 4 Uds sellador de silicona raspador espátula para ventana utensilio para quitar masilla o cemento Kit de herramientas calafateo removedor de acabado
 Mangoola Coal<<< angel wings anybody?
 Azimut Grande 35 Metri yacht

...

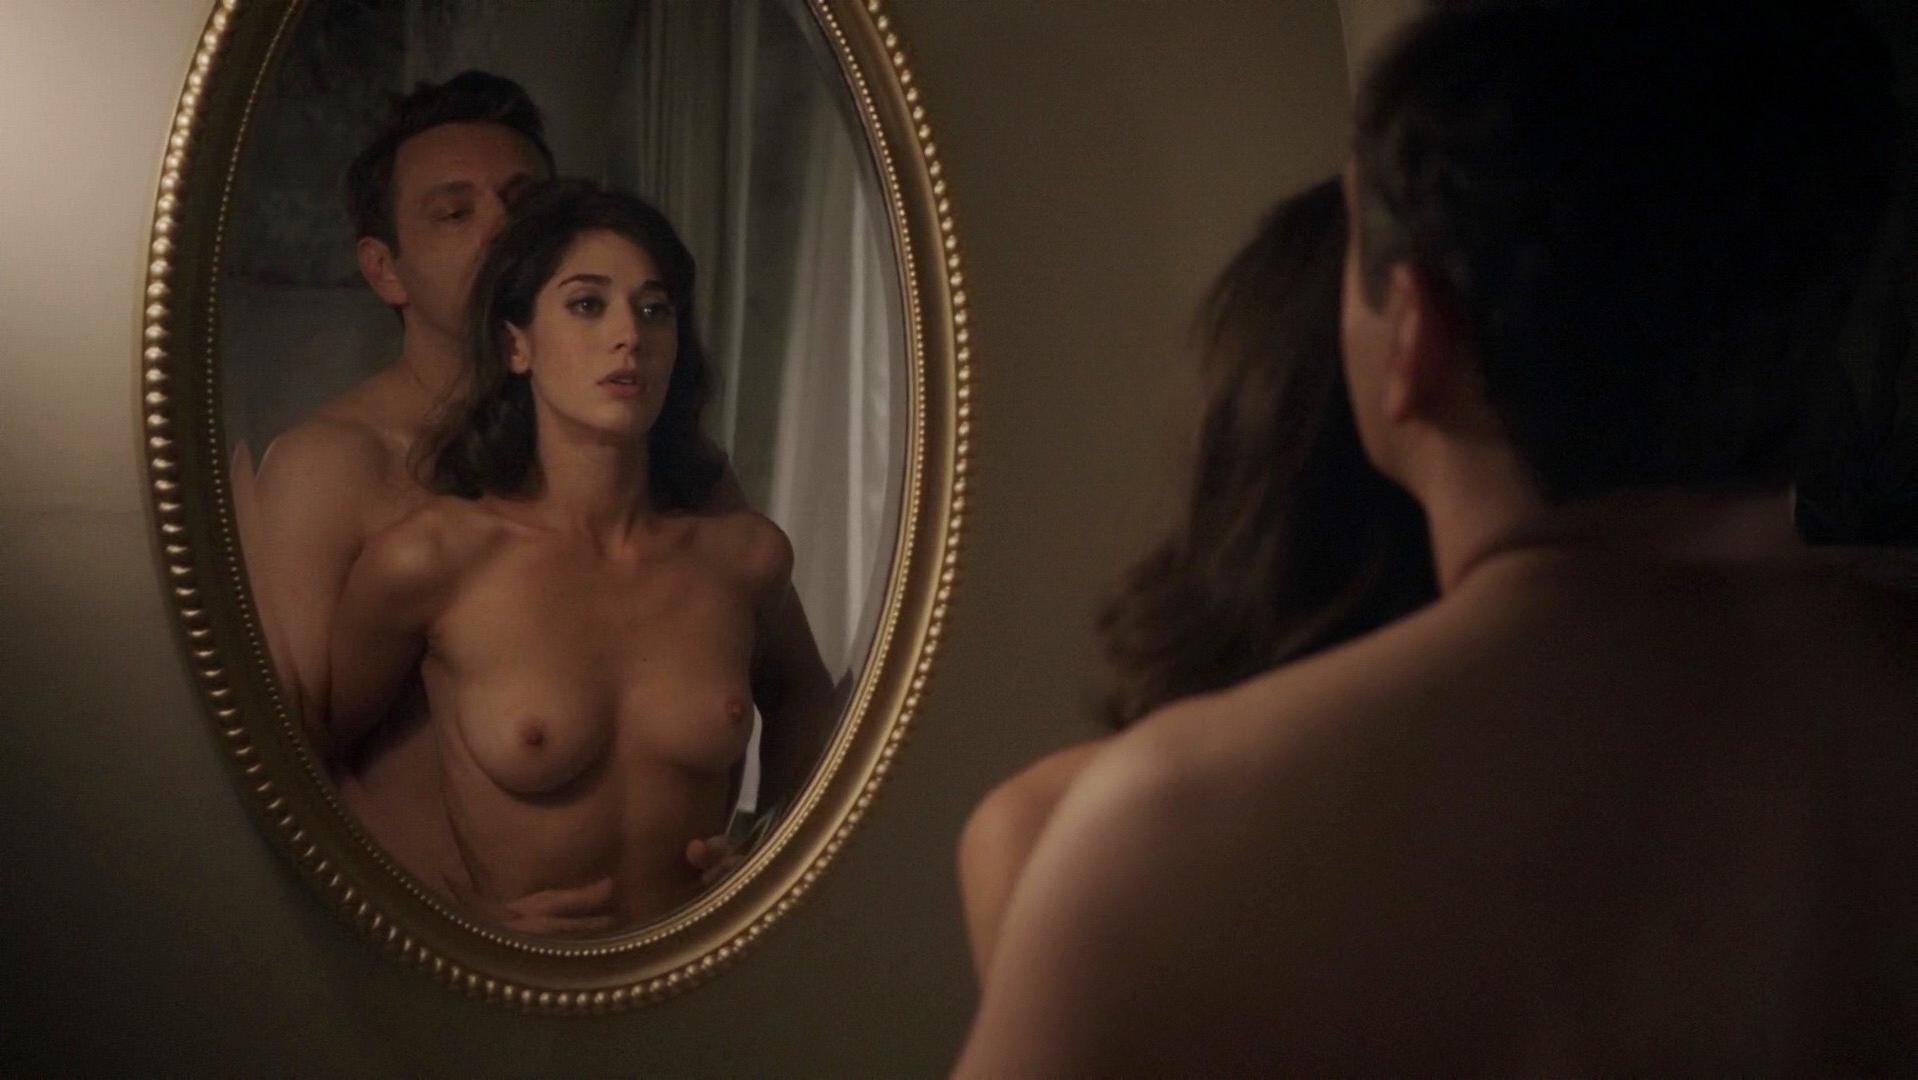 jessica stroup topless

§ **Problem**: Using the data above, reproduce exactly the lines between those holding "4 Uds sellador" and "Azimut Grande 35 Metri yacht", inclusive, and no others.

§ **Answer to the problem**:
 4 Uds sellador de silicona raspador espátula para ventana utensilio para quitar masilla o cemento Kit de herramientas calafateo removedor de acabado
 Mangoola Coal<<< angel wings anybody?
 Azimut Grande 35 Metri yacht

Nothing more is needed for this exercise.